Prompt: Transcribe the whole listing without a single picture.

Recorded information:
++++++++
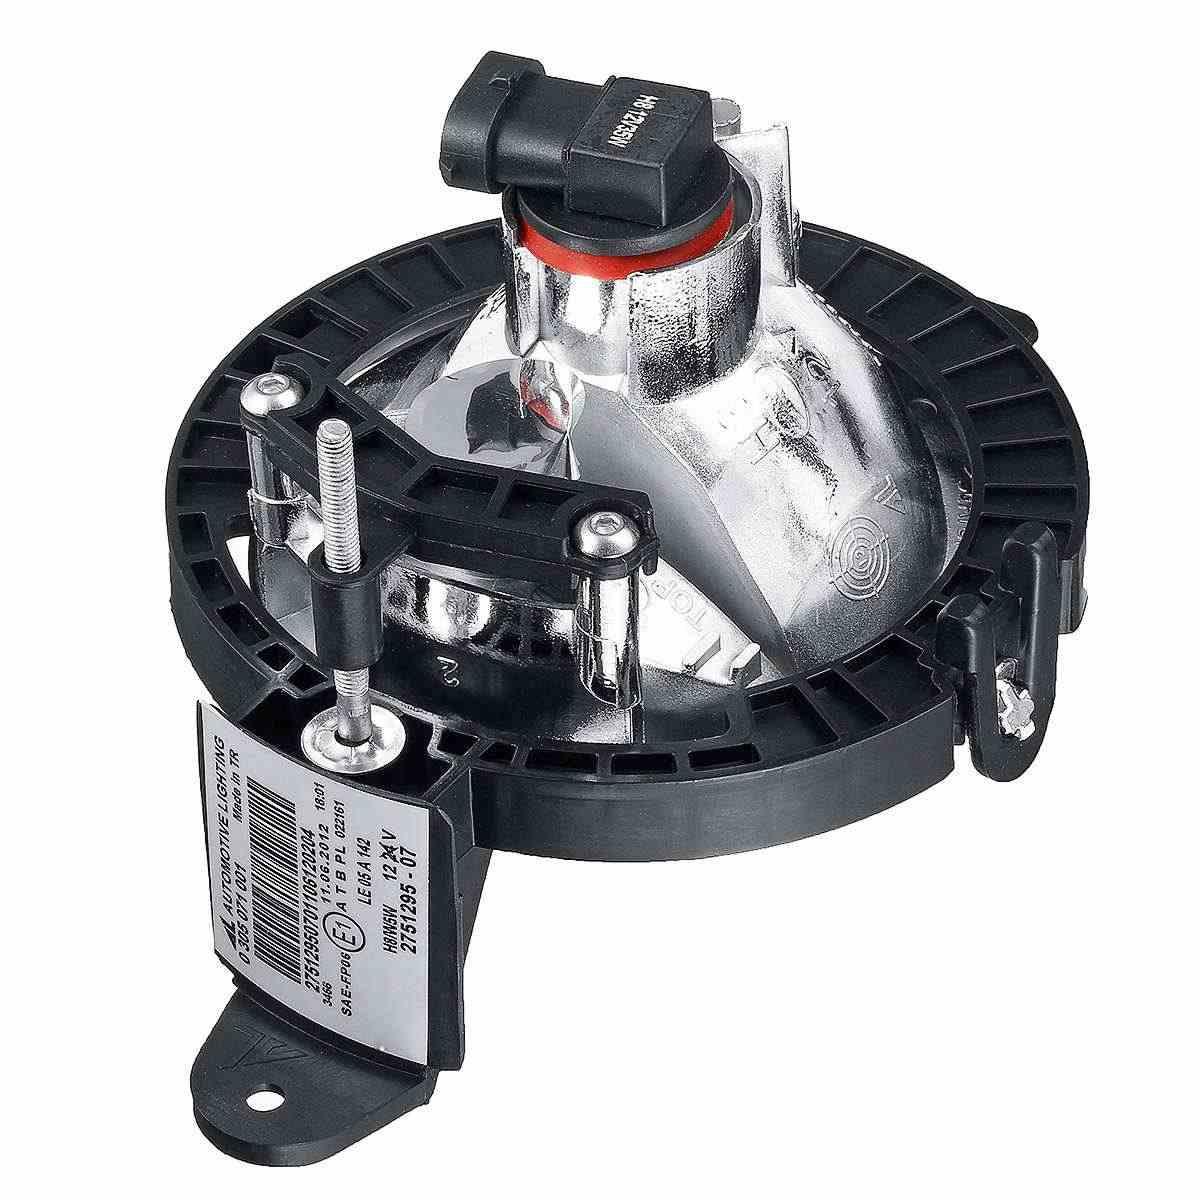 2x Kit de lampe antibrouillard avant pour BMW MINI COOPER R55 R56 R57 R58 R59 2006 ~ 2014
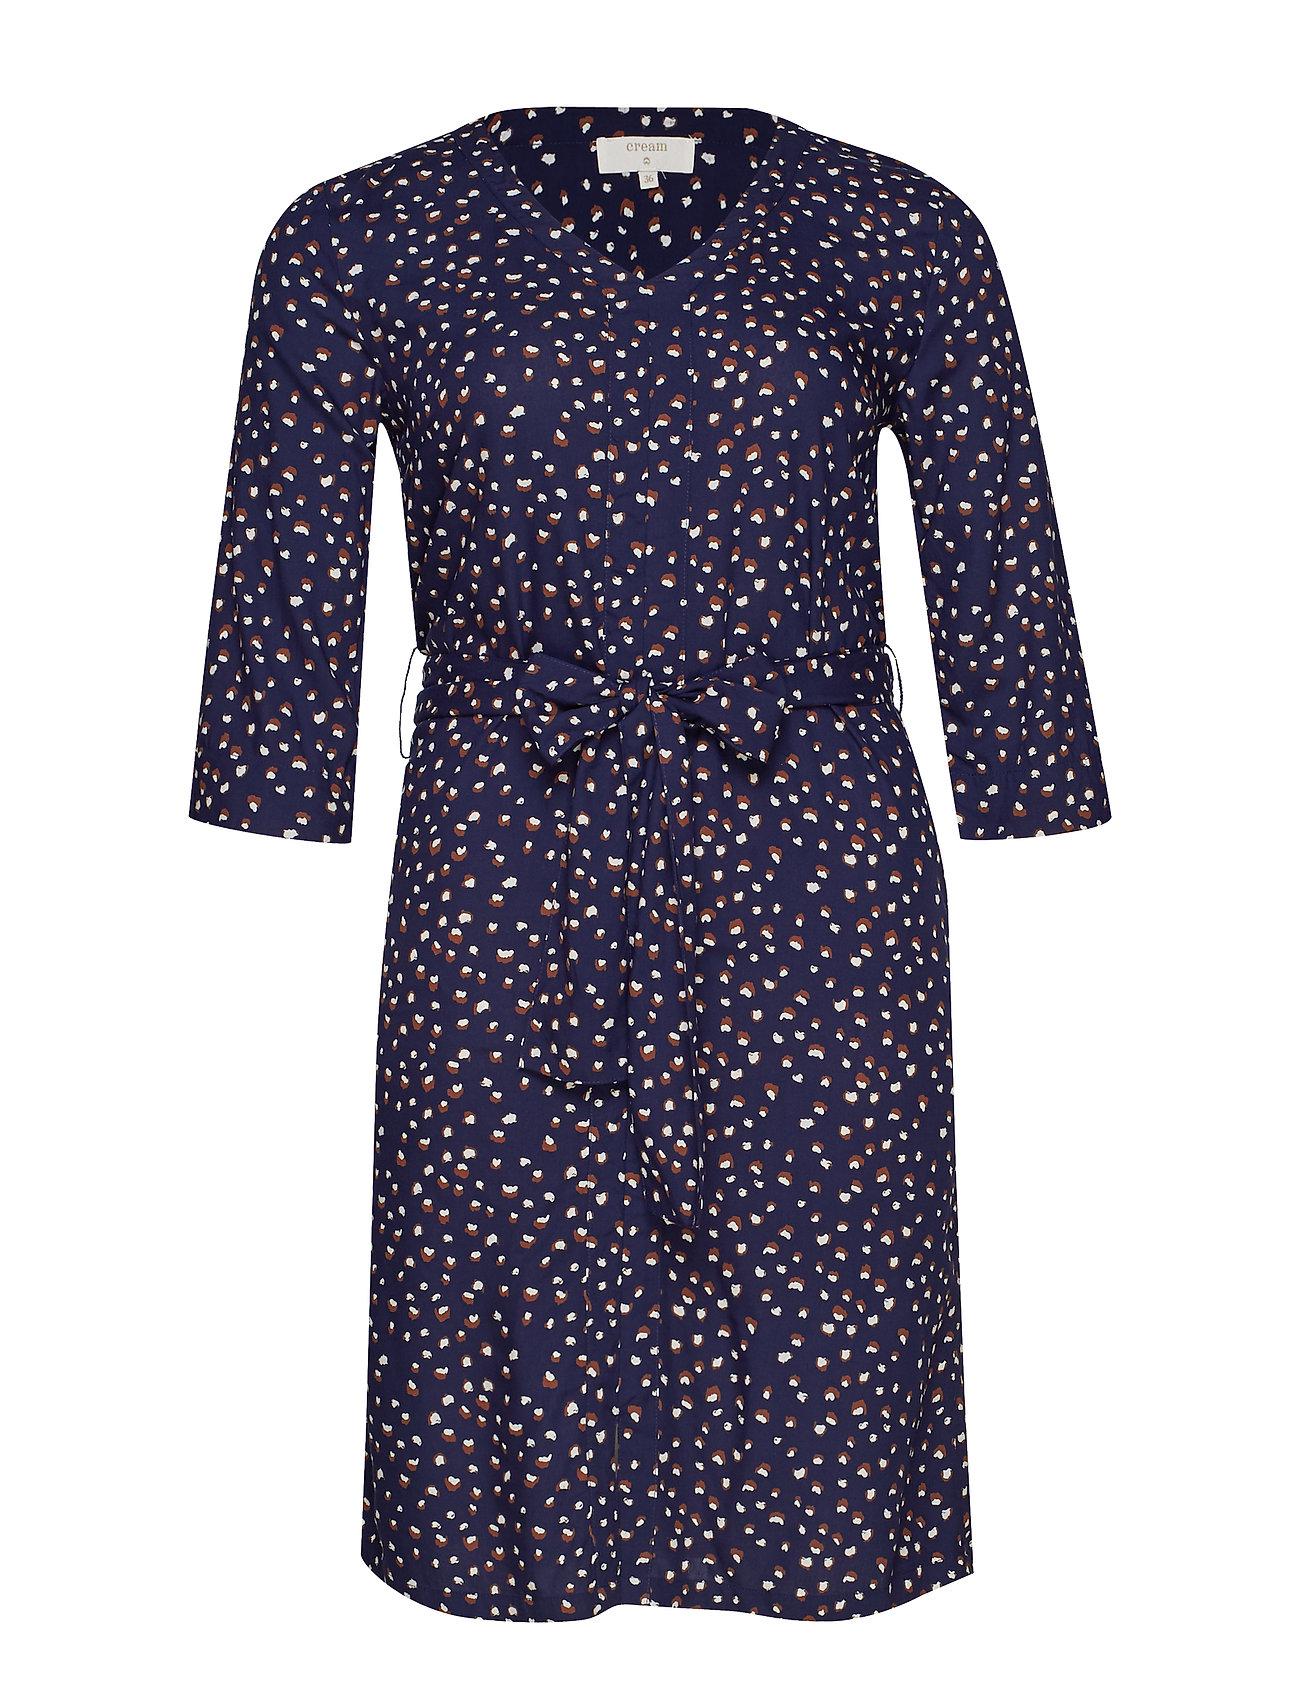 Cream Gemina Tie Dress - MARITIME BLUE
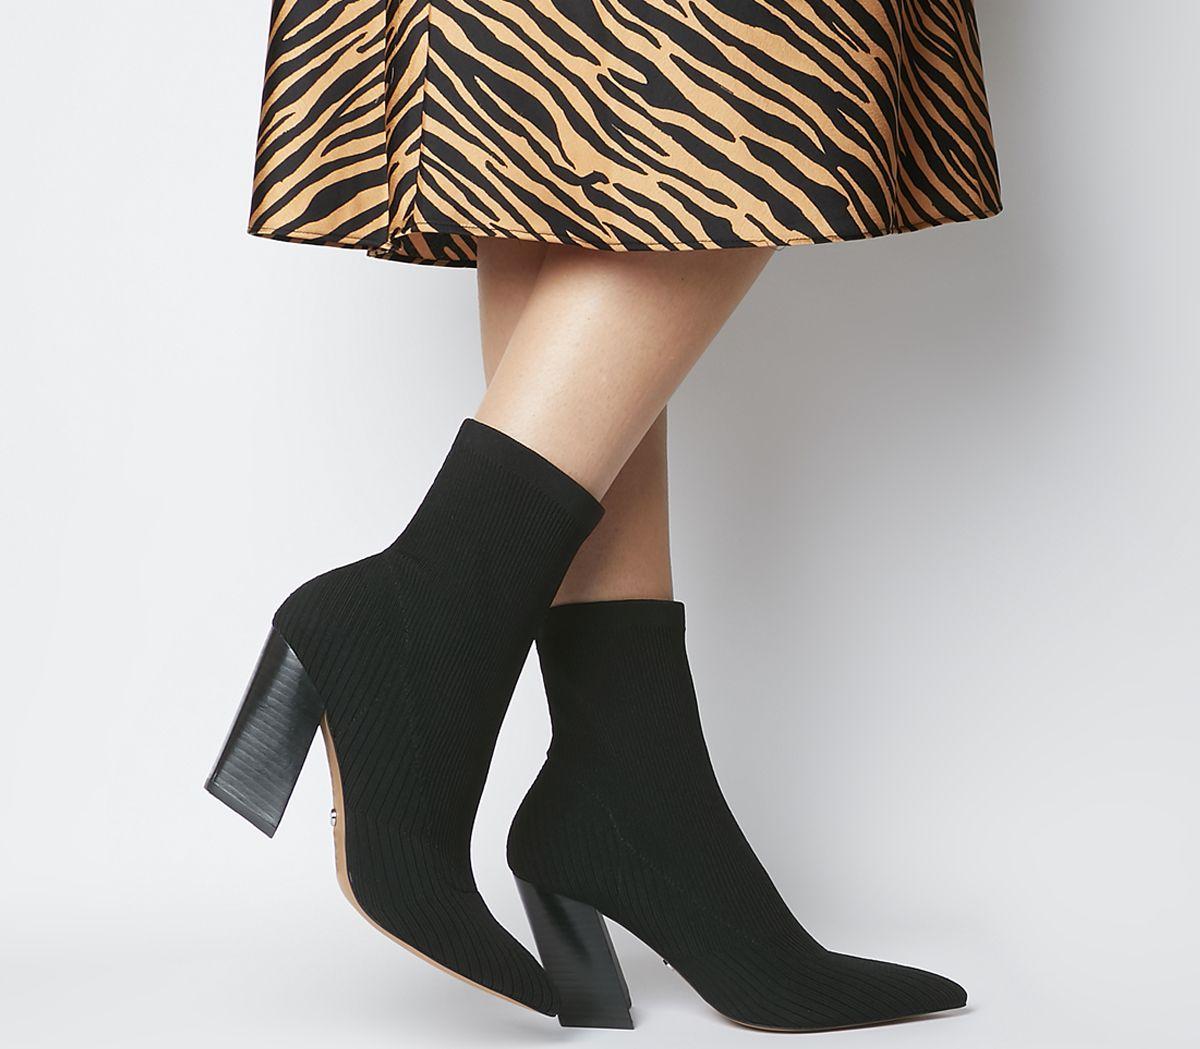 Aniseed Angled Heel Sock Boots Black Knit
++++++++
Response to this task:
 2x Kit de lampe antibrouillard avant pour BMW MINI COOPER R55 R56 R57 R58 R59 2006 ~ 2014
 Cream Gemina Tie Dress - MARITIME BLUE
 Aniseed Angled Heel Sock Boots Black Knit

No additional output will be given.